The 840c is slighter smoother and less forward than the 8001, but I still prefer the 8001.
Hi Audio_girl,
I agree 100% with your conclusions on the 840c.
I own the Marantz SA8001 and I am very happy with it.
I also prefered the 8001 to the Onkyo DX7555,Marantz CD-5001, the Rega Apollo, and the Rega Saturn, plus it also plays SACD's.
Not bad for a less than $1,000.00 player!
The 8001 is a bargain, IMHO.
I think the player is that good. To say well you can get a player for $5000 that sounds better is like saying duh. Maybe saying best under $5k was overrated, but honestly this player is very impressive. Just pop the top and look at the parts....custom transport and all. Very impressive and sounds incredible. I stand by that and would like to A/B against the Krell and Ayre etc....
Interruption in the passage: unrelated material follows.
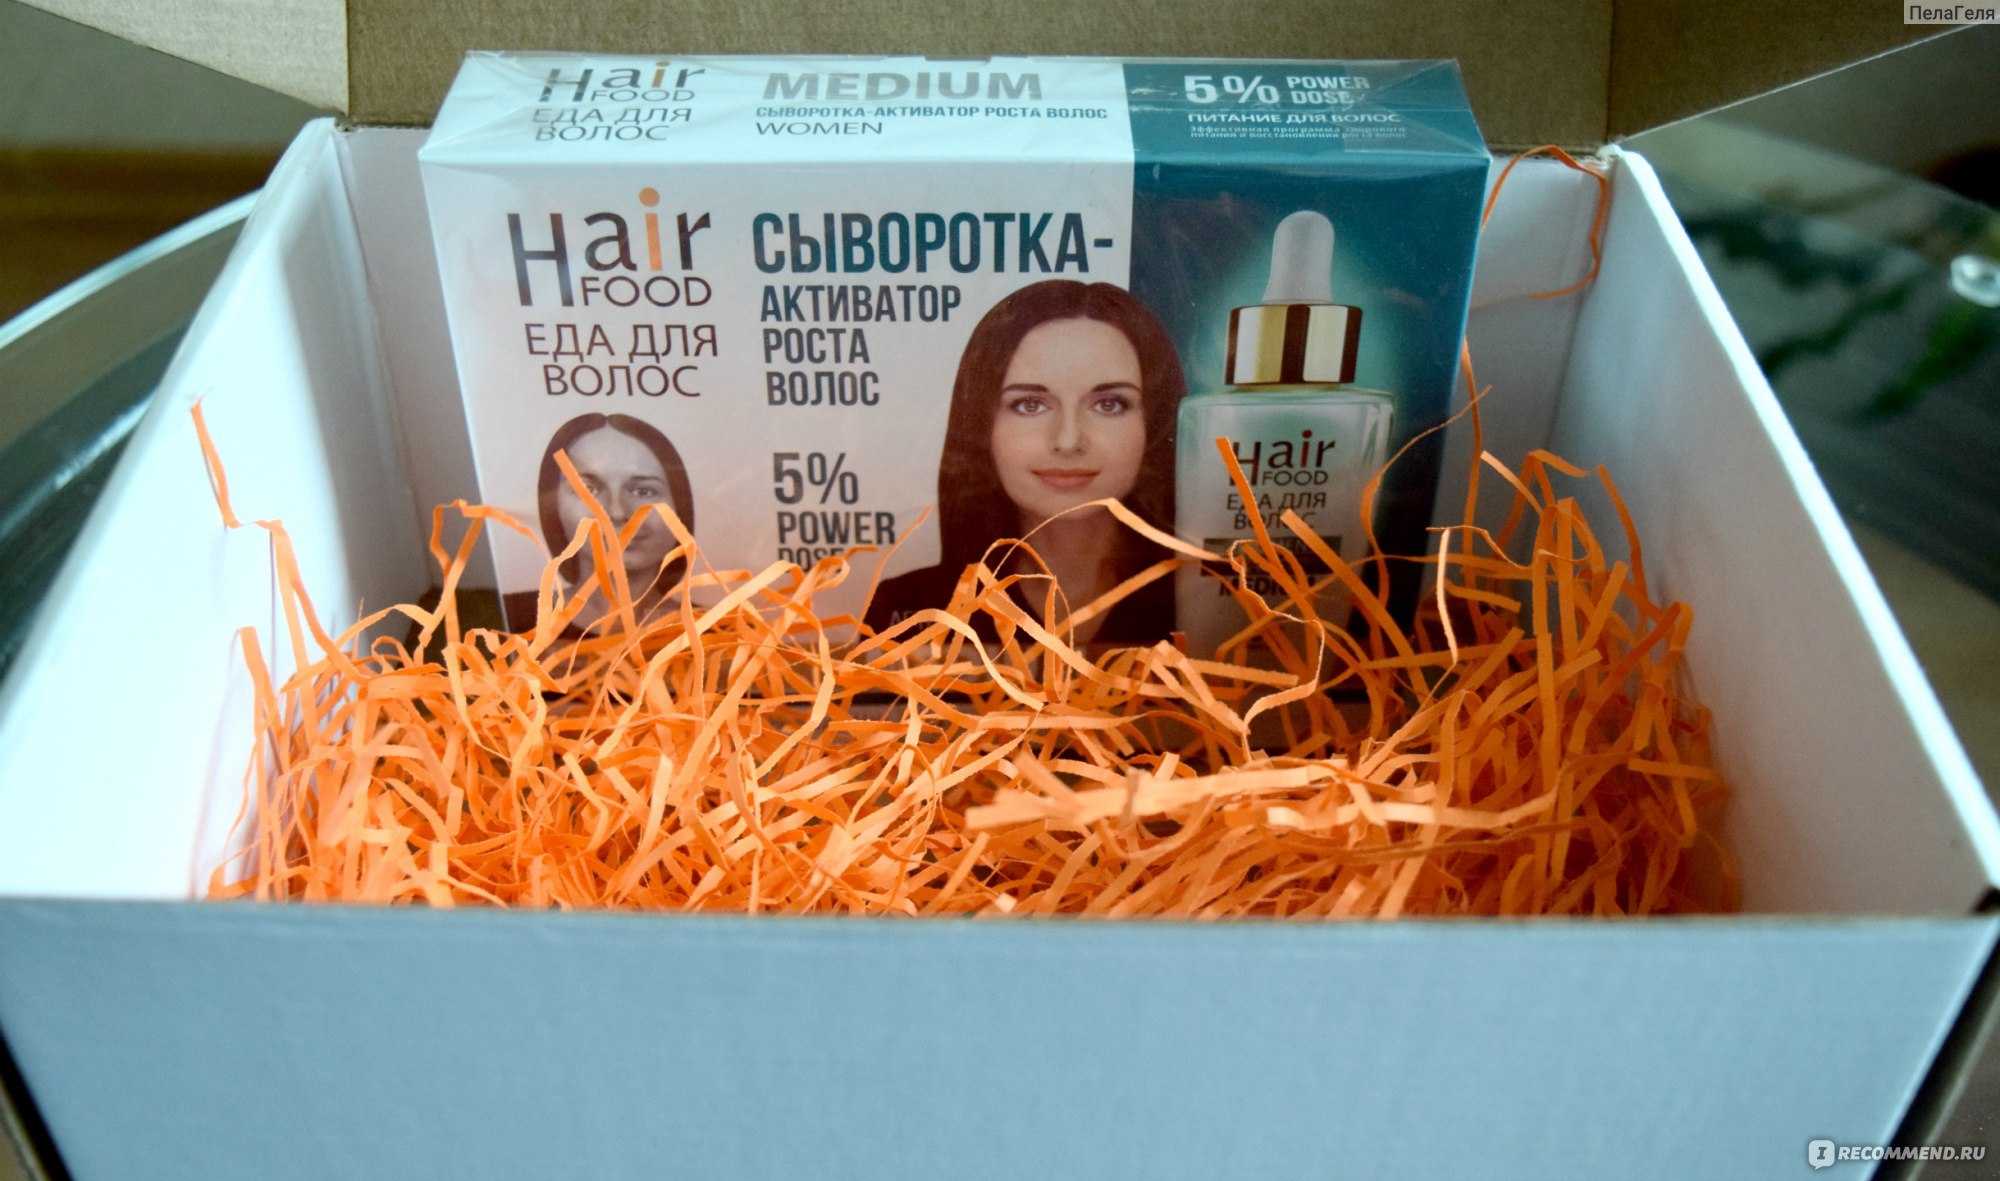 Обзор инновационной сыворотки-активатора роста волос hairfood которая была разработана совместно с врачами известной клиники лечения волос real trans hair (rth).

By the way, I went to hear the Krell and could not A/B it back to back to the Cambridge but it did sound good but it was a bucket of bolts. The dealer said he would not sell it to me if I had wanted it saying the transport was a ticking time bomb and I would be left with a 40lb door stop....but no, I did not want to buy it....was not worth it over the 840c! I also went into a local Tweeter to hear the Krell and when I showed up the unit froze....i.e., was dead, end of story, end of its life.

Don't believe the bashers of this player, it is a steal for the price.
The point here is that moderately priced digital sounds pretty darned good these days, whcih can but be a good thing for music lovers over-all.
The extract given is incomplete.